By default, the SakeScript app accesses both the community and daily news repositories. You may configure custom http based repositories that may also be hosted on GitHub, as discussed on the custom repository page.

All online content in SakeScript, once downloaded, is available for offline use. The app ensures content integrity by verifying the sha256 hash of each download and stores the zip files in the phone’s document directory.

To export a story, navigate to the story info page, tap the (i) icon after downloading, and you can easily share the zip file via messengers, Google Drive, or other platforms.

2.4 - Custom Repositories

How to contribute to the community repository

The technical aspects of this guide assume you’re familiar with Git, GitHub, and JSON text formats.

SakeSaySo’s iOS and Android apps are specifically designed to support custom content through two main repository options:

  • Community Repository: Contributing to the community GitHub repository is straightforward. This repository is pre-set in the app, and an automated GitHub action updates the search index upon the merging of a pull request.
  • Custom Repository: For a personal, tailored learning experience, you may add a custom repository under Settings -> Advanced Settings -> Add Repository.
Add Private or Custom Repository

Setting Up a Custom Repository

The app requires custom repositories to be accessible via an HTTP server, hosting an index.json file containing manifests. The list of manifests should list story .zip files at relative paths, with valid sha256 checksums for integrity verification and updates tracking.

Hosting on GitHub

Github can host your custom repositories, similarly to the community repository. Use the following format for GitHub-hosted repositories:

name: [repository name]
uri: https://api.github.com/repos/<username or organization>/<repository name>/contents/

Optionally provide a weburl to have users see an info icon (i) on the repository page, linking to the browsable GitHub repository if it’s public.

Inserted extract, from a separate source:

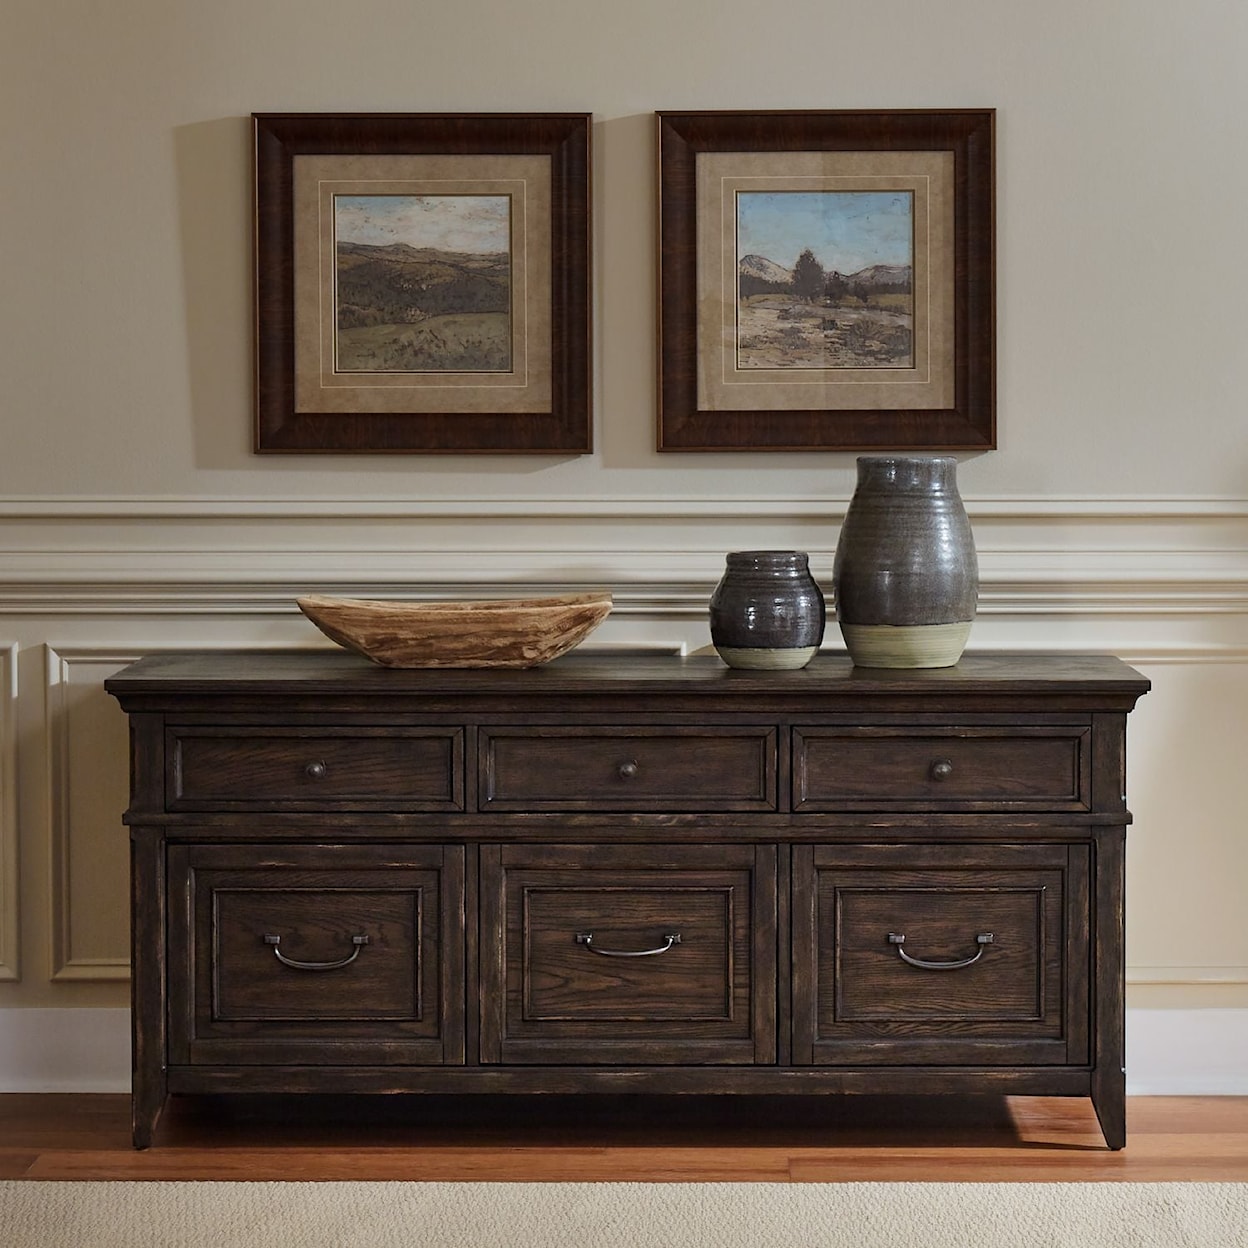 Libby Paradise Valley 6-Drawer Credenza
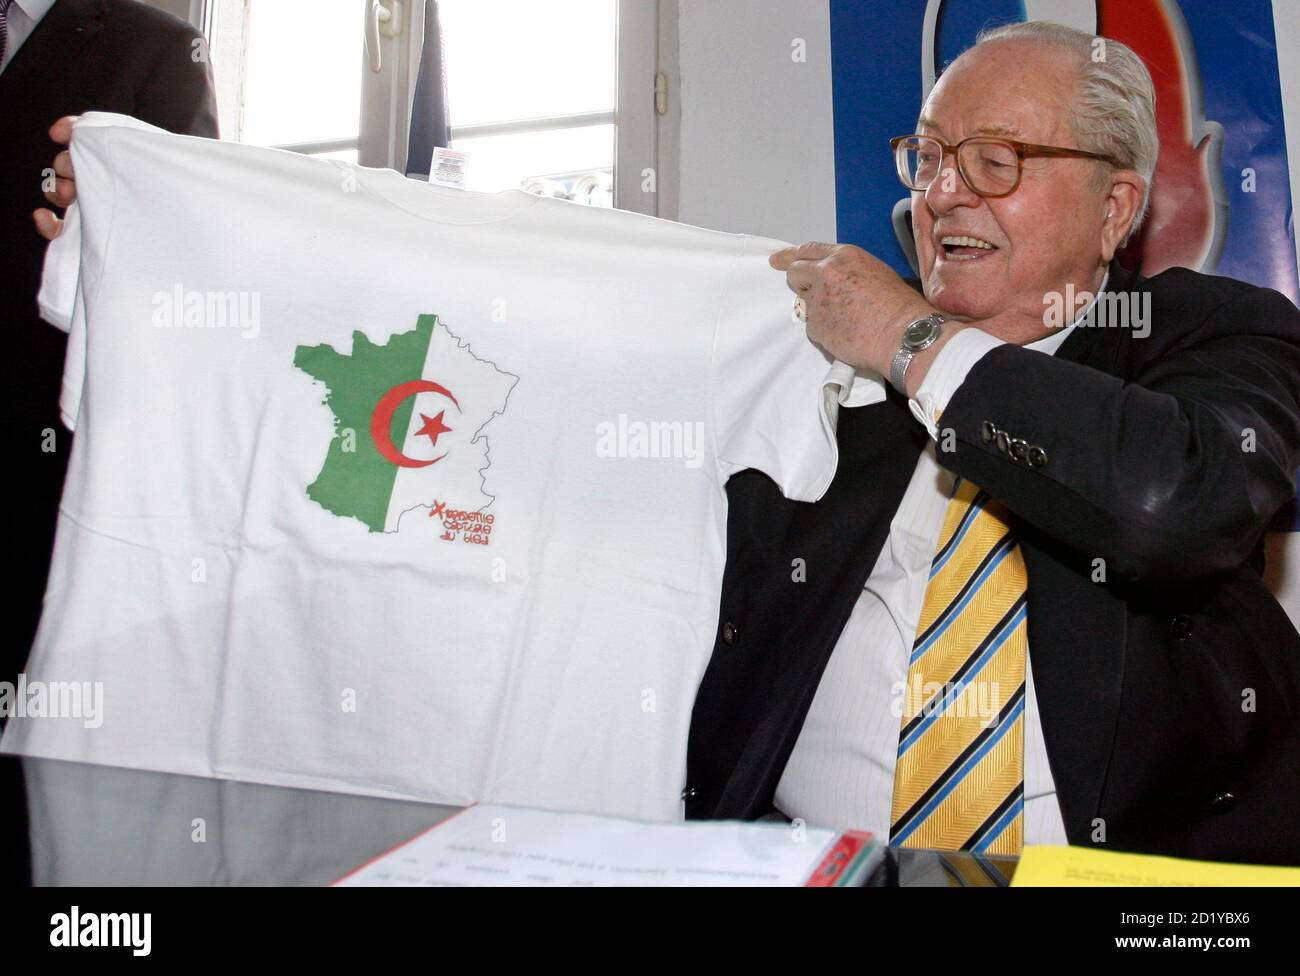 France's far-right National Front political party leader Jean-Marie Le Pen  holds a t-shirt with the Algerian flag on a map of France during a news  conference at the new National Front party

weburl: https://github.com/<username or organization>/<repository name>

For branch-specific content (e.g., for testing):

branch: [branch name]

Accessing Private Repositories

  • Basic Authentication: Include username and password in the repository URL for basic auth-protected servers.
https://username:[email protected]/my/custom/repository
  • Github PAT Tokens: For GitHub repositories, use personal access tokens (PAT) for authentication. Add the token directly in the app.
github_pat_[your_token]

Note: The app currently supports basic auth and GitHub PAT tokens for private repository access.

2.5 - GitHub Actions for Daily News Aggregation

Supporting the trend of content generation with LLMs, this page shows how we’re using GitHub Actions with our Go scripts to create daily translated news in one of our community repositories.

This guide demonstrates setting up custom scripts with GitHub Actions to automate tasks on a schedule.

Embracing the wave of content generation through LLMs since 2023, SakeSaySo leverages Anthropic AI in its news aggregation process. We use GitHub Actions, combined with Go-based tools and scripts that we prefer over Python, to automate such tasks. The configuration below is an example setup, including a cron schedule, showcasing how you can replicate this for your needs.

name: Go Scheduled Newswriter

on:
  push:
    branches: [ master ]
  schedule:
    - cron: '0 21 * * *'  # Runs at 21:00 UTC (6 AM JST)

jobs:
  build:
    runs-on: ubuntu-latest

    steps:
    - name: Checkout Current Repository
      uses: actions/checkout@v2

    - name: Checkout sakesayso/news Repository
      uses: actions/checkout@v2
      with:
        repository: 'sakesayso/news'
        token: ${{ secrets.SAKESAYSO_WRITER_PAT }}
        path: 'news'

    - name: Set up Go
      uses: actions/setup-go@v2
      with:
        go-version: '1.21'

    - name: Run Newswriter A
      env:
        ANTHROPIC_TOKEN: ${{ secrets.ANTHROPIC_TOKEN }}
      run: go run cmd/newswriter/main.go

    - name: Commit and Push Changes
      run: |
        cd news
        git config --global user.name 'sakebot'
        git config --global user.email '[email protected]'
        git add .
        git commit -m "Update from newswriter" || true
        git push        

This configuration details the steps from checking out repositories to executing the Go script and pushing updates.